- Born: Jean Claude Baudet May 31, 1944 Brussels, Nazi-occupied Belgium
- Died: July 18, 2021 (aged 77) Laeken, Belgium
- Occupations: Philosopher; writer;

Philosophical work
- Era: Contemporary philosophy
- Region: Western philosophy
- School: Editology

= Jean C. Baudet =

Belgian philosopher and writer (1944–2021)

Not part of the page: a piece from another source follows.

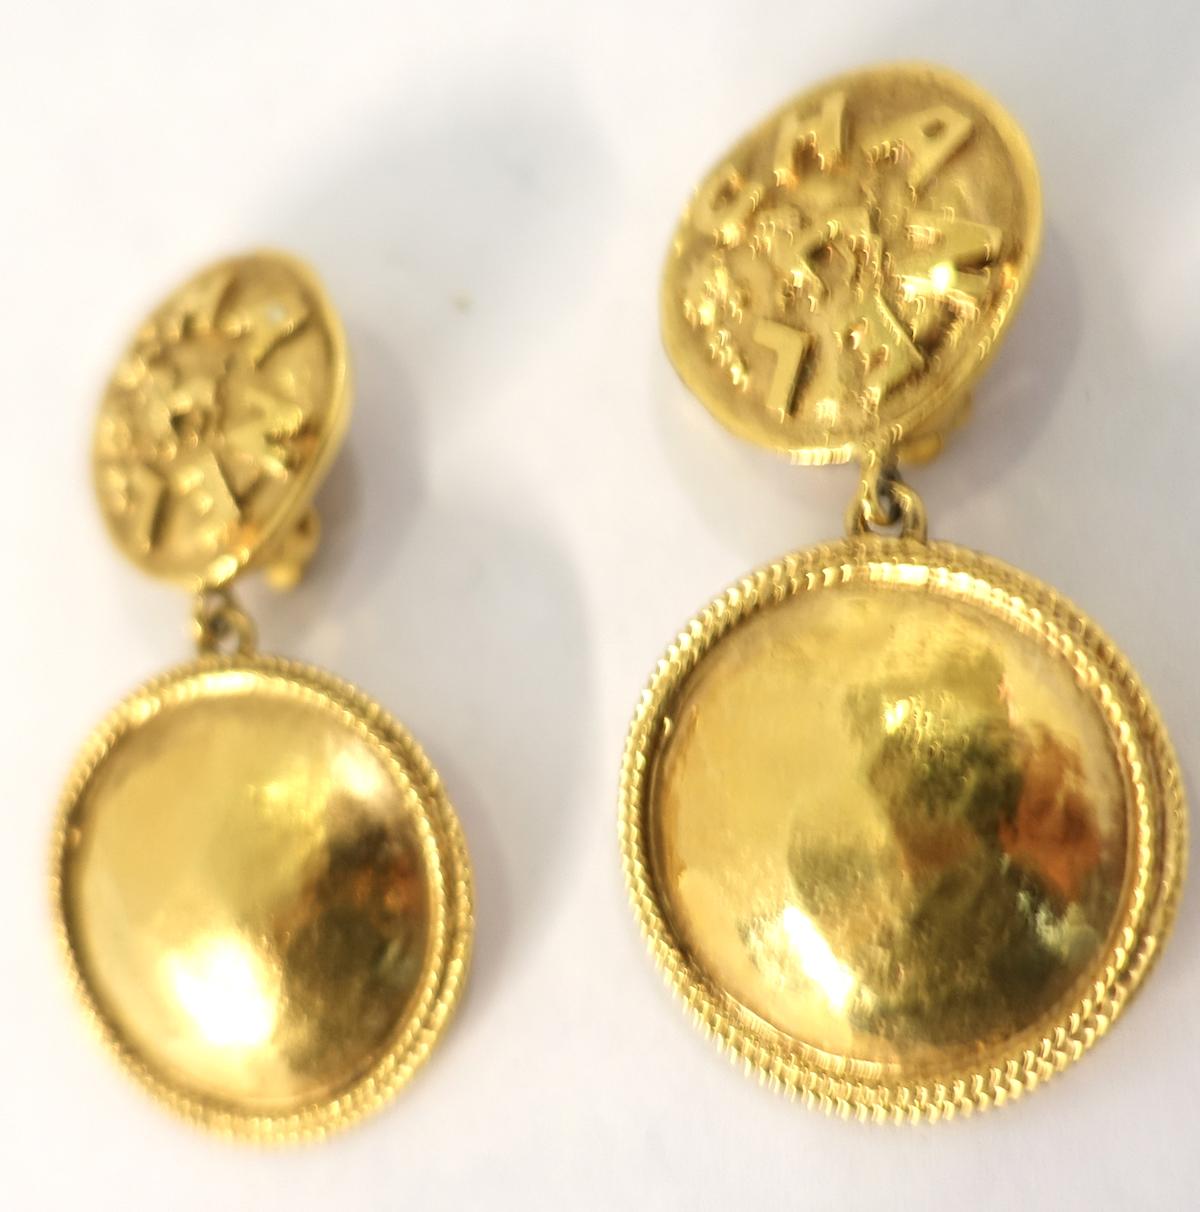 Vintage Signed Chanel 23 Drop Earrings In Good Condition For Sale In New York, NY

Jean Claude Baudet (May 31, 1944 – July 18, 2021) was a Belgian philosopher and writer.

==Life==
J.C. Baudet taught philosophy and history of science, from 1966 to 1973, in Congo and Burundi.
From 1973 to 1978, he was a biology researcher (agronomy faculty of Gembloux and Paris VI).
In 1978, he was the founder of the periodical Technologia (history of Science-Technics-Industry).
Since 1996, he was an editor of the Revue Générale (Brussels). The philosophical system developed by J.C. Baudet is known as editology.

==Theories==
===Science-Technics-Industry===
Science-Technics-Industry (STI) is a philosophical concept proposed by the Belgian philosopher Jean C. Baudet. The objective of STI is to distinguish rational cultural productions from emotional or imaginary ones. Emotional and imaginary cultural productions lead to ideologies and/or ethical and politically illusive constructions. STI is a key concept in editology. It may be seen as an elaborate philosophical generalization of the economic notion of science and industry. In the STI, technics are the interface between science and industry, and thus between knowledge (truth) and practice (efficiency).

===Editology===
Editology (éditologie) is the epistemological system developed by Baudet. The main characteristic of the editology is to define the knowledge as a set of texts, discourses (and thus terms), and to assign the scientificity of those texts to the very conditions of their edition - the manner they are accepted by the international scientific community. It has two purposes: understand the terms (terminology) and analyze the edition (editology sensu stricto).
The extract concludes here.